I've responded to the bug.
Sorry for offtopics unrelated to your original patch.

On Wed, Nov 14, 2012 at 8:11 PM, Jack Howarth <howarth@bromo.med.uc.edu> wrote:
> On Wed, Nov 14, 2012 at 07:56:18PM +0400, Alexander Potapenko wrote:
>> Hi Rainer,
>>
>> The quick answer is no, although the expansion into GCC world may
>> require such a guideline.
>> We've initially implemented ASan on Linux and then ported it to
>> Android (which is very similar to Linux) and Mac (which is very
>> different), so we have little experience with porting yet.
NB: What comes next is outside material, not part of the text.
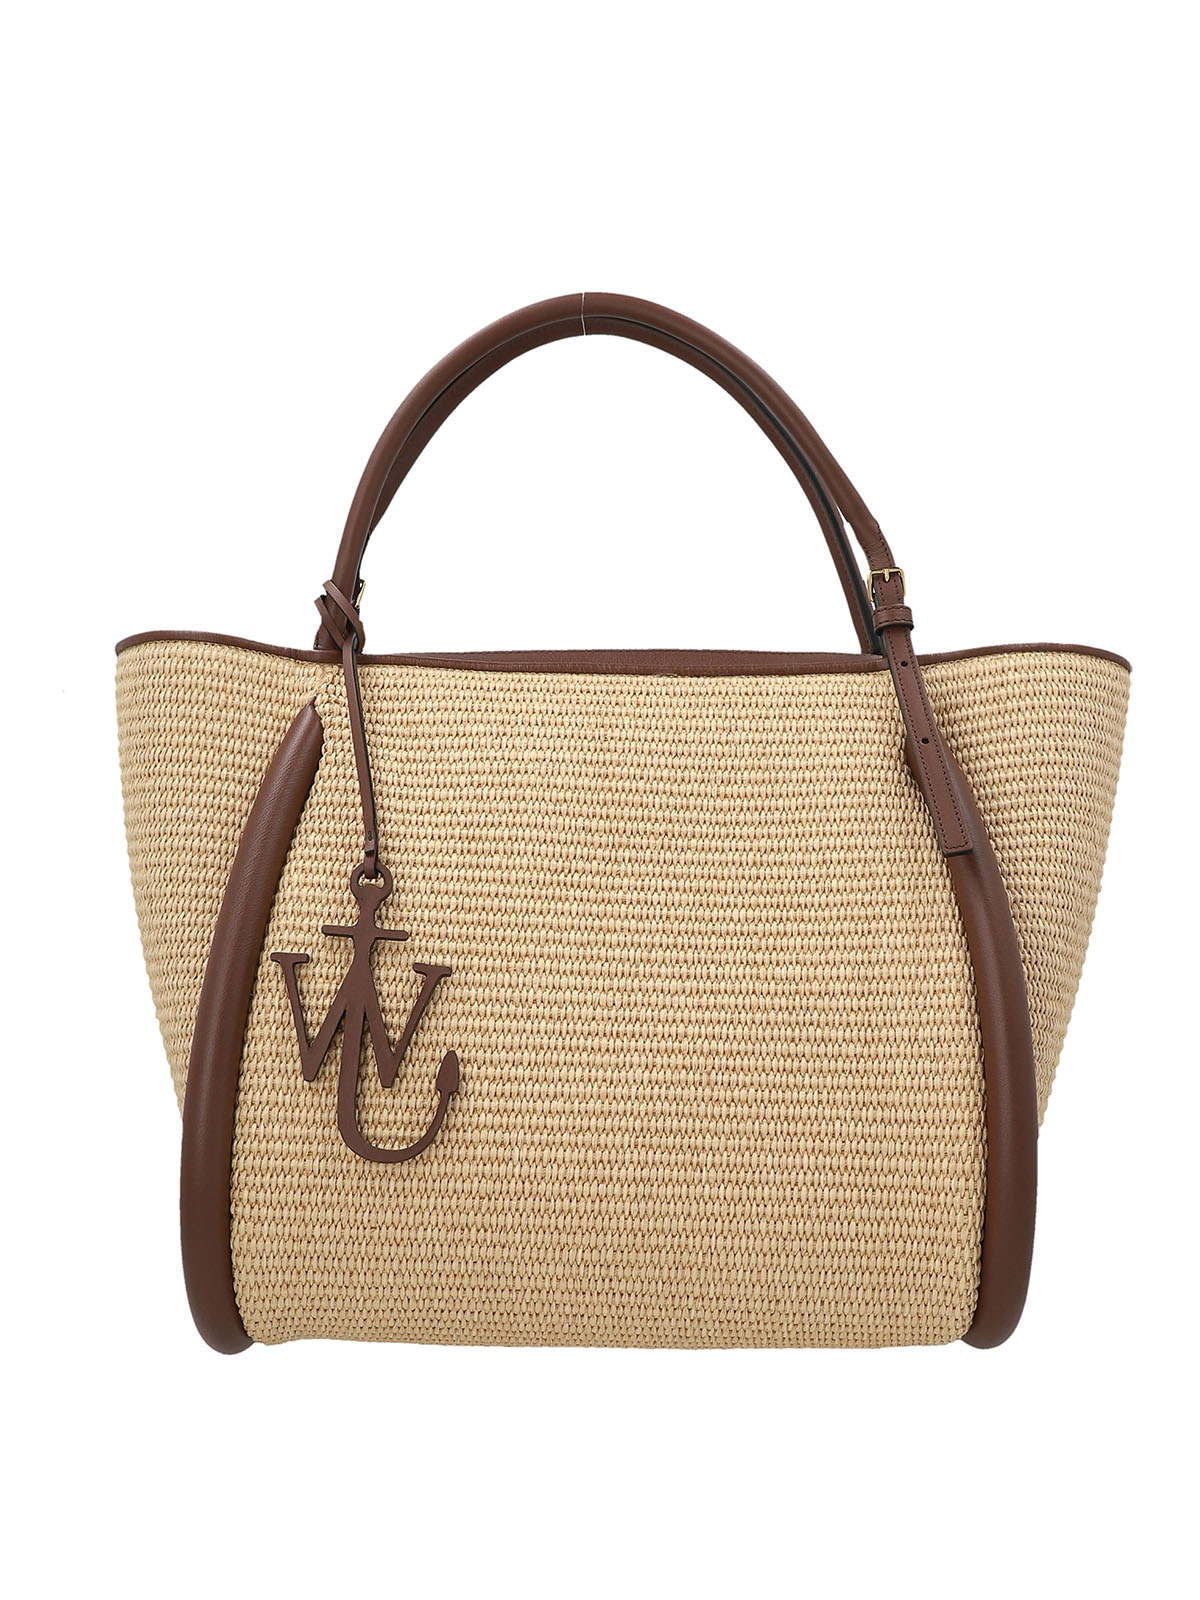 Jw Anderson The Bumper 31 Shopping Bag In Beige

>> I've summarized the differences between Linux and Mac here:
>> https://code.google.com/p/address-sanitizer/wiki/AddressSanitizerForMacImplementationDetails
>>
>> The core things to pay attention at are function wrapping (e.g. dlsym
>> on Linux, mach_override on Mac), hooking the allocations/deallocations
>> in the program, stack unwinding (already done for x86 and ARM), thread
>> creation, early initialization, debug info and symbolization. Maybe
>> something else. In fact if any of these points work on your platform
>> differently than they do on Linux/Mac, you'll have to re-implement
>> those.
>>
>> Regarding mach_override, it's a Mac OS-specific thing that we use
>> because dlsym doesn't reliably override functions (keywords: two-level
>> namespace)
>> This only works on x86/x86_64 and is just a bunch of ad-hoc hacks to
>> hot-patch the library code.
>> Extending the instruction table in mach_override.c is irrelevant to
>> porting, it's just a mean of making it work with some newer libraries
>> provided by Apple.
>> It won't work on any other OS (well, without some refactoring; in fact
>> it's possible to use it on Linux) or any other arch (one could rewrite
>> mach_override.c for ARM, but iOS doesn't allow code patching).
>>
>> I'm working on a replacement for mach_override, which will compile
>> libasan as a dynamic library on Mac OS and preload it before running
>> the program.
>> It's not ready yet, so the easiest thing for GCC will be to add some
>> more instructions to mach_override and stick to it for now.
>
> Alex,
>    Please see...
>
> http://gcc.gnu.org/bugzilla/show_bug.cgi?id=55289#c27
>
> So far for all the test cases that I have looked at, the problem
> seems to be when mach_overrride.c hits the opcodes...
>
> 48 8d 5
>
> Can you suggest a patch for that one? It may be the only blocker to
> asan support on darwin (for x86_64 anyway).
>        Jack
>
>>
>> Alex
>>
>> On Wed, Nov 14, 2012 at 7:08 PM, Rainer Orth
>> <ro@cebitec.uni-bielefeld.de> wrote:
>> > Hi Alex,
>> >
>> >> most certainly the functionality of asan is not intact.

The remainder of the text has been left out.